About this exercise
Write out each line below precisely, passing over the pictures.

Supplied material

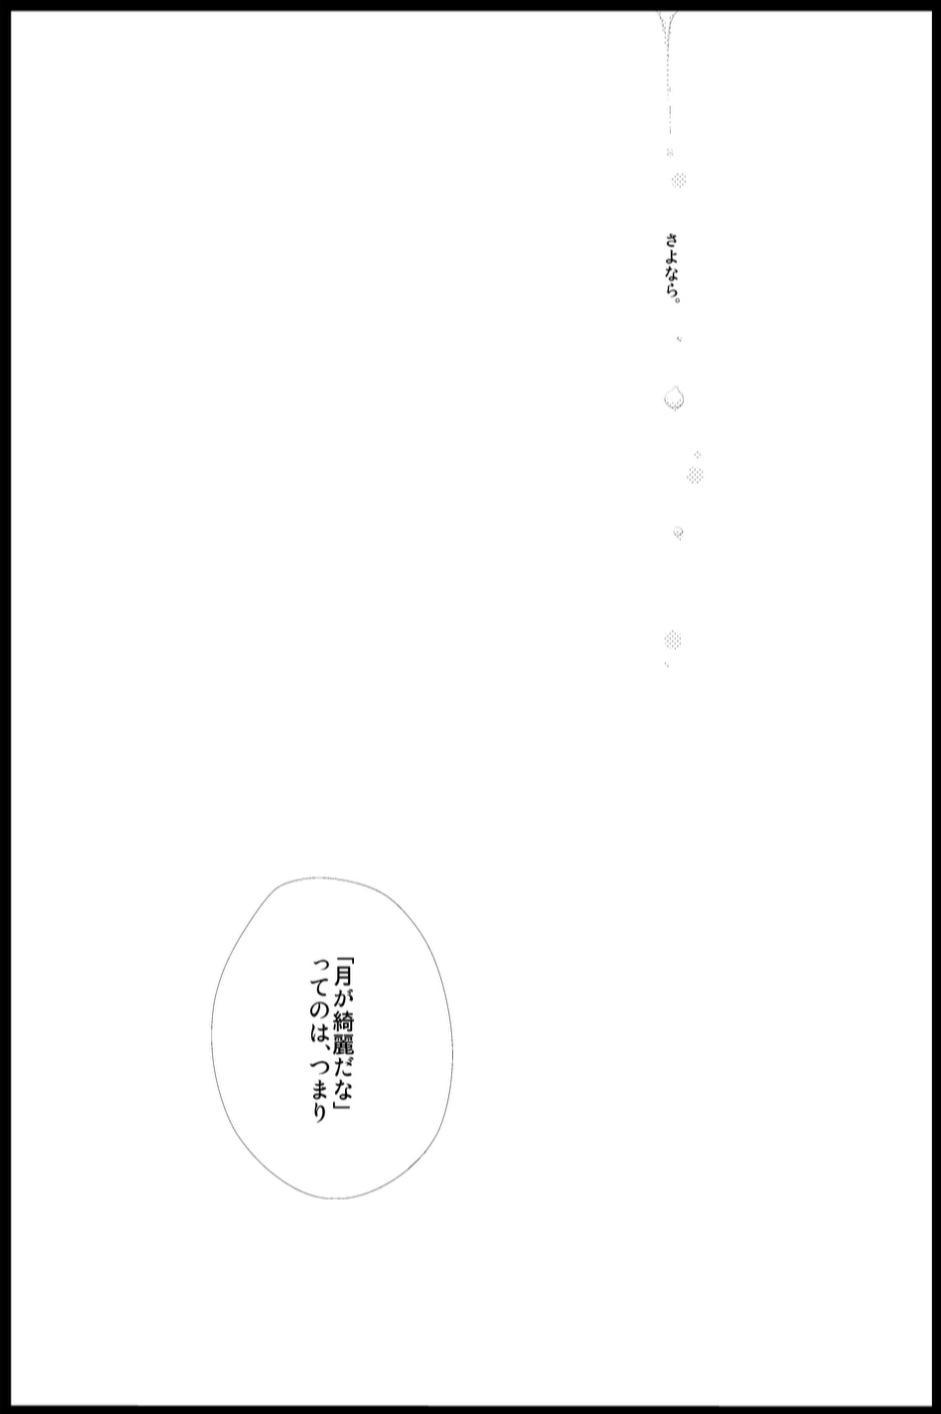 STRAWBERRY-FIELDS 23
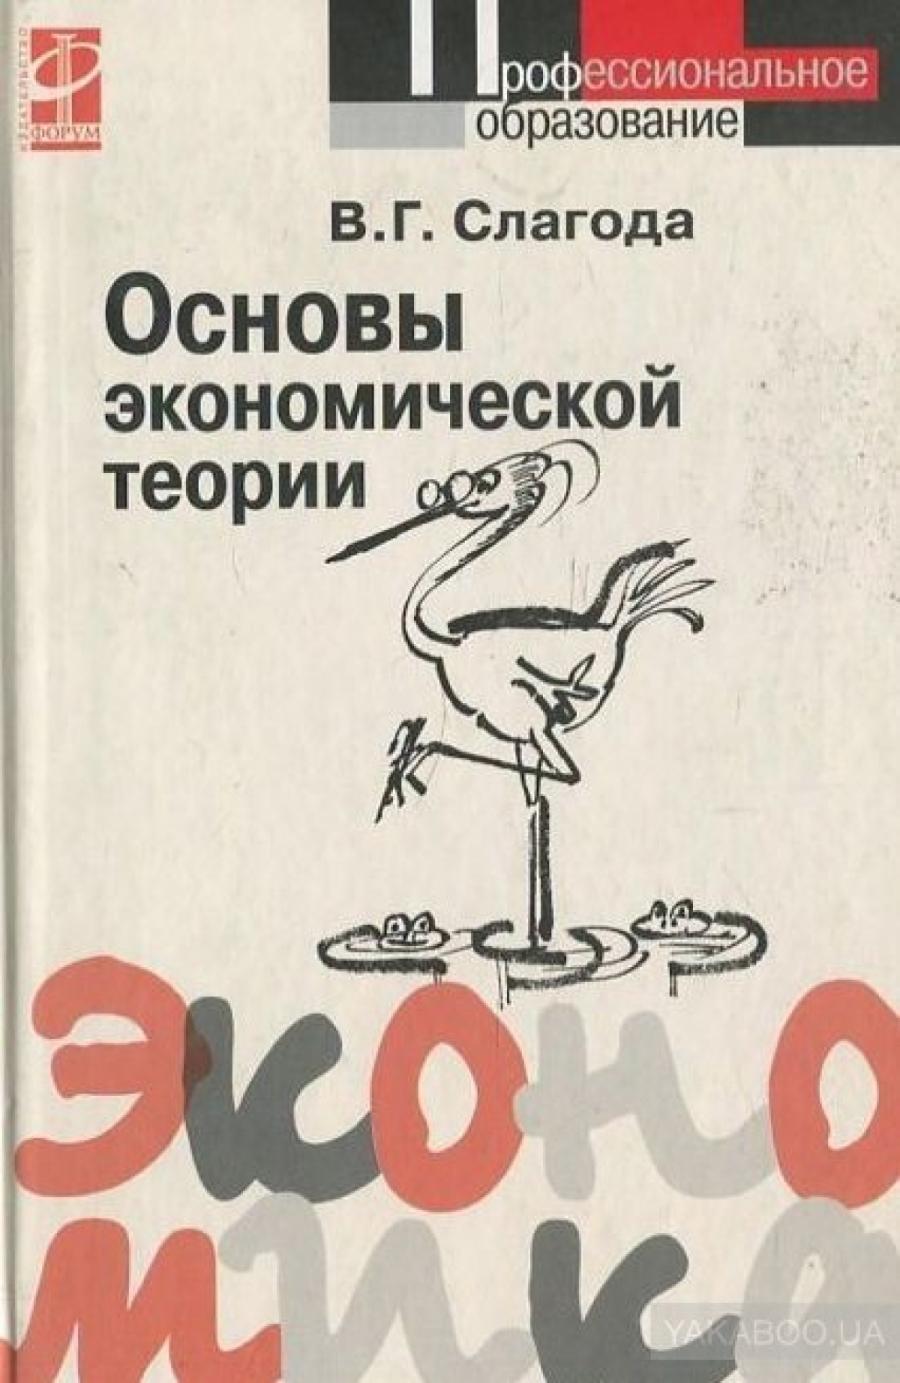 Обложка книги:  м.в. мельник, е.б. герасимова - анализ финансово-хозяйственной деятельности предприятия
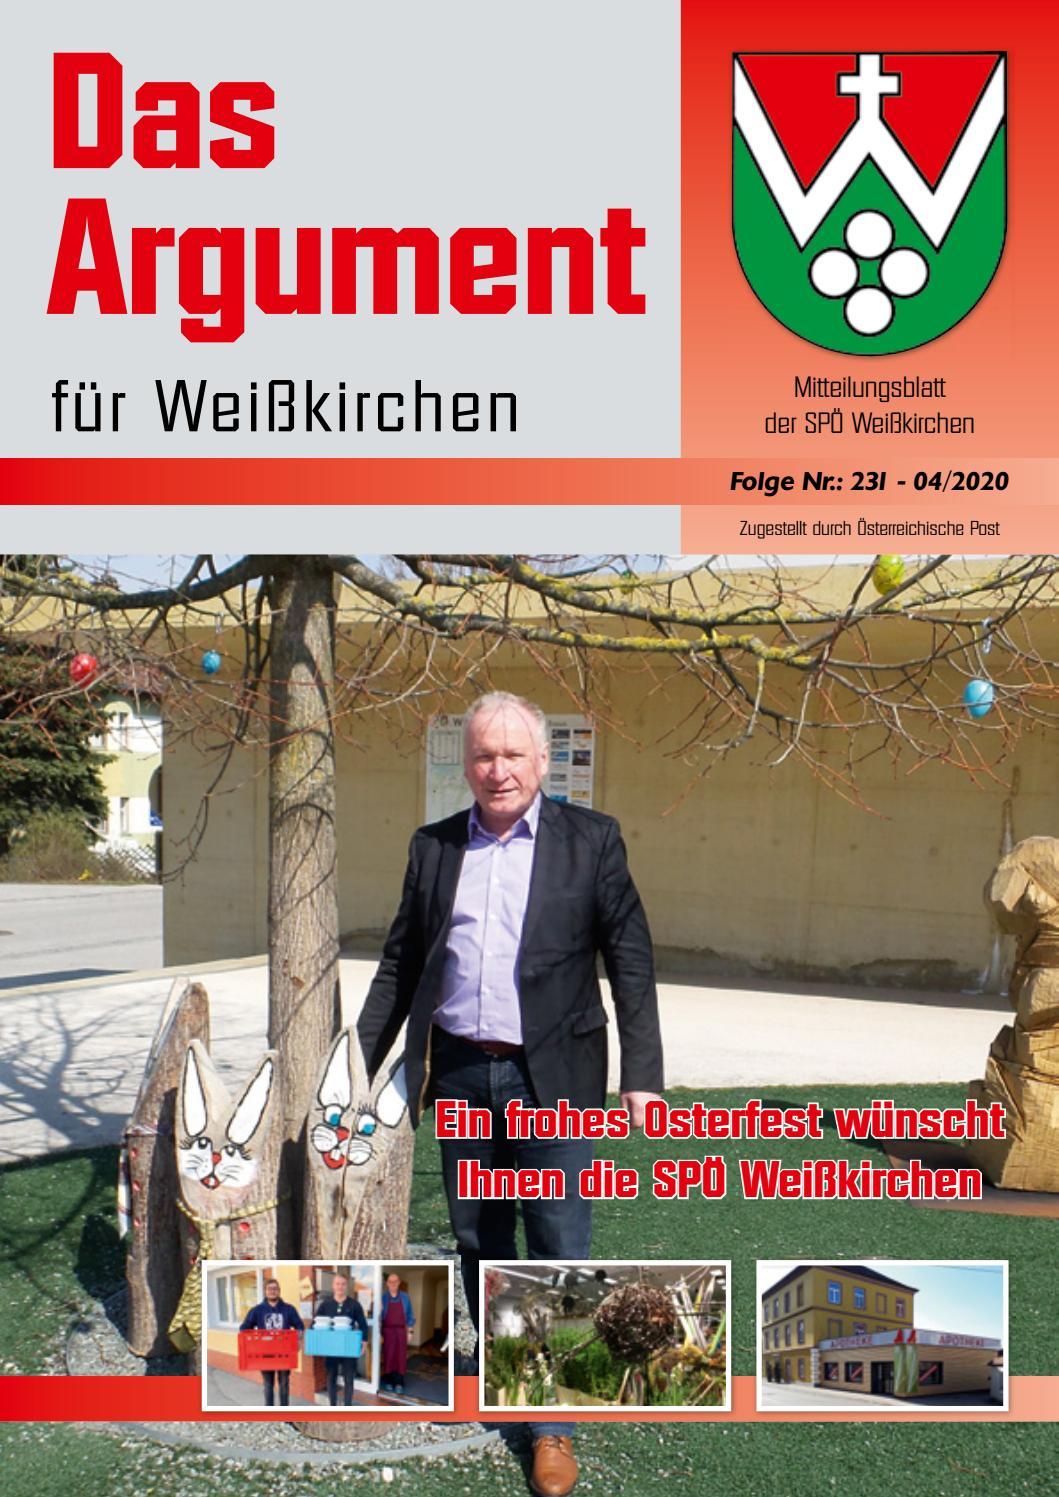 Weikirchen an der traun frau treffen: Asperhofen singles
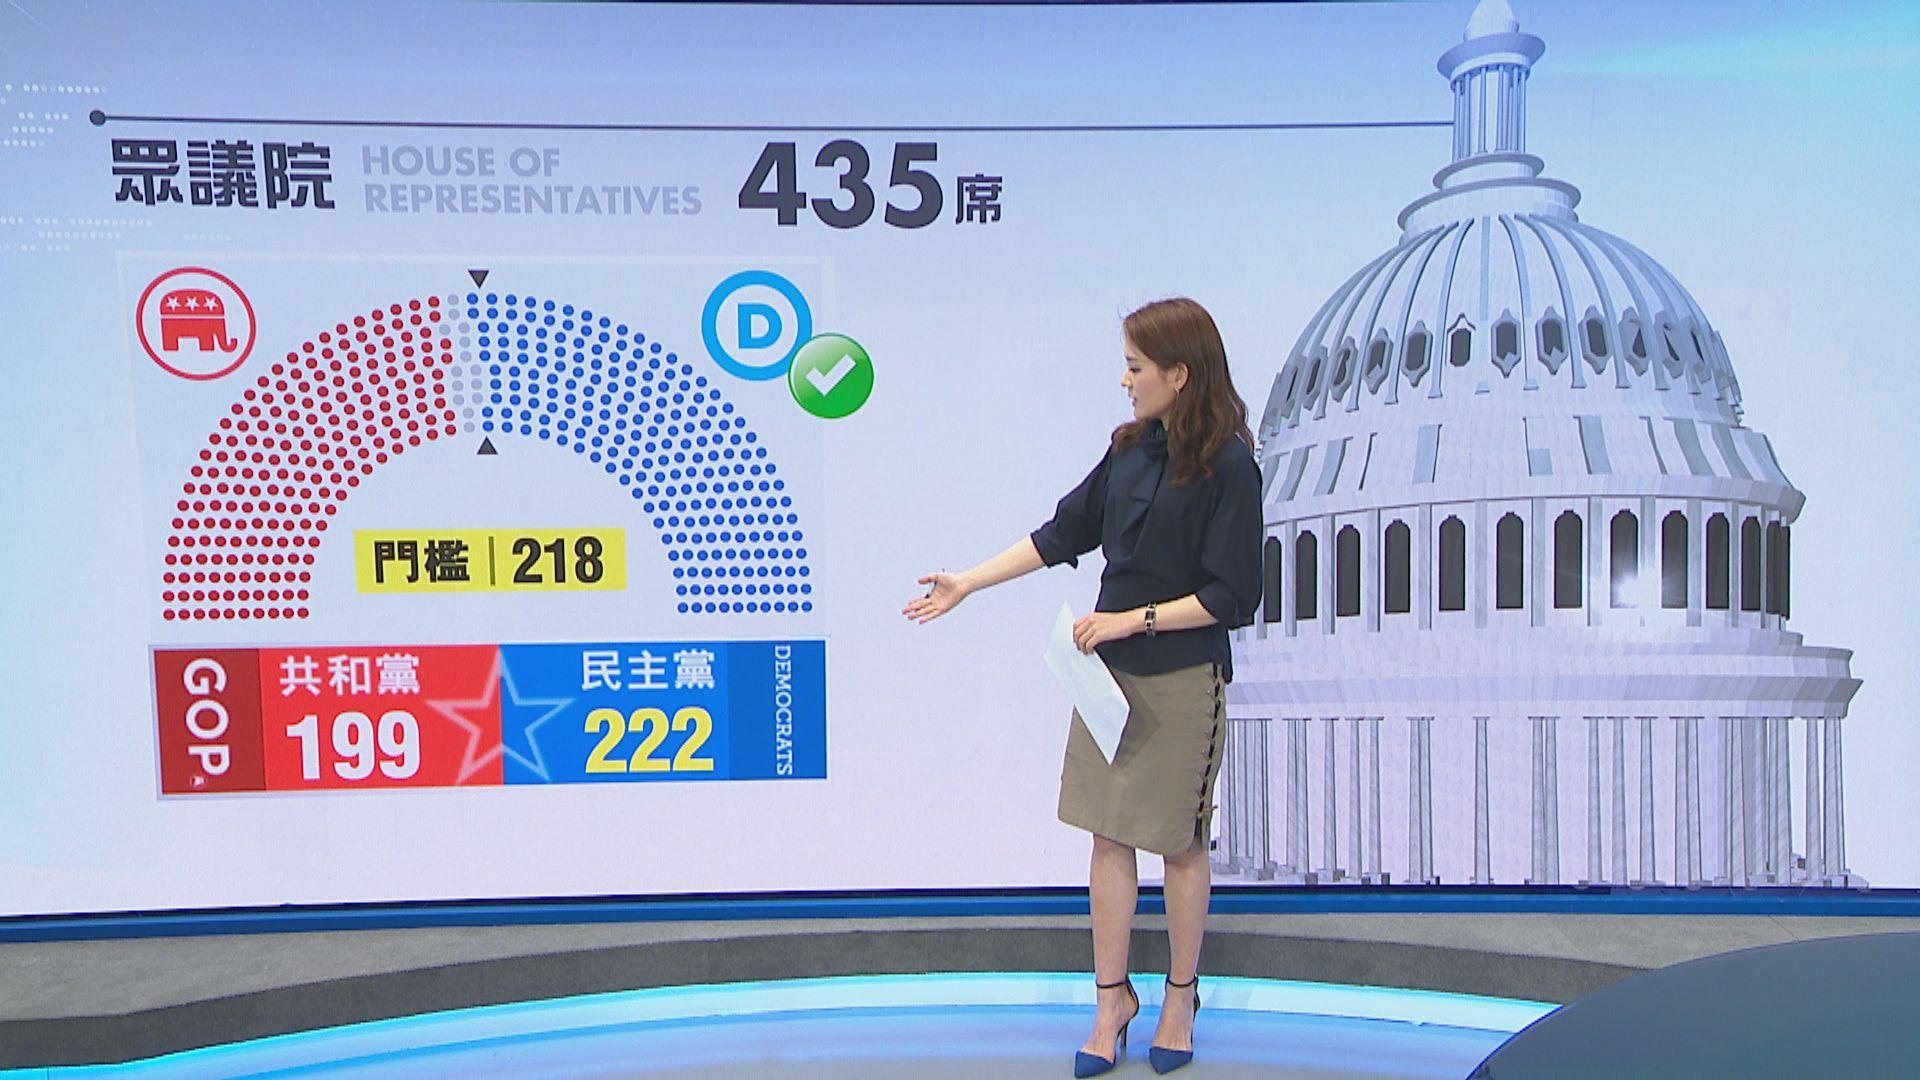 今次中期選舉被視為下屆大選的風向標

Result of this task
 STRAWBERRY-FIELDS 23
 Обложка книги:  м.в. мельник, е.б. герасимова - анализ финансово-хозяйственной деятельности предприятия
 Weikirchen an der traun frau treffen: Asperhofen singles
 今次中期選舉被視為下屆大選的風向標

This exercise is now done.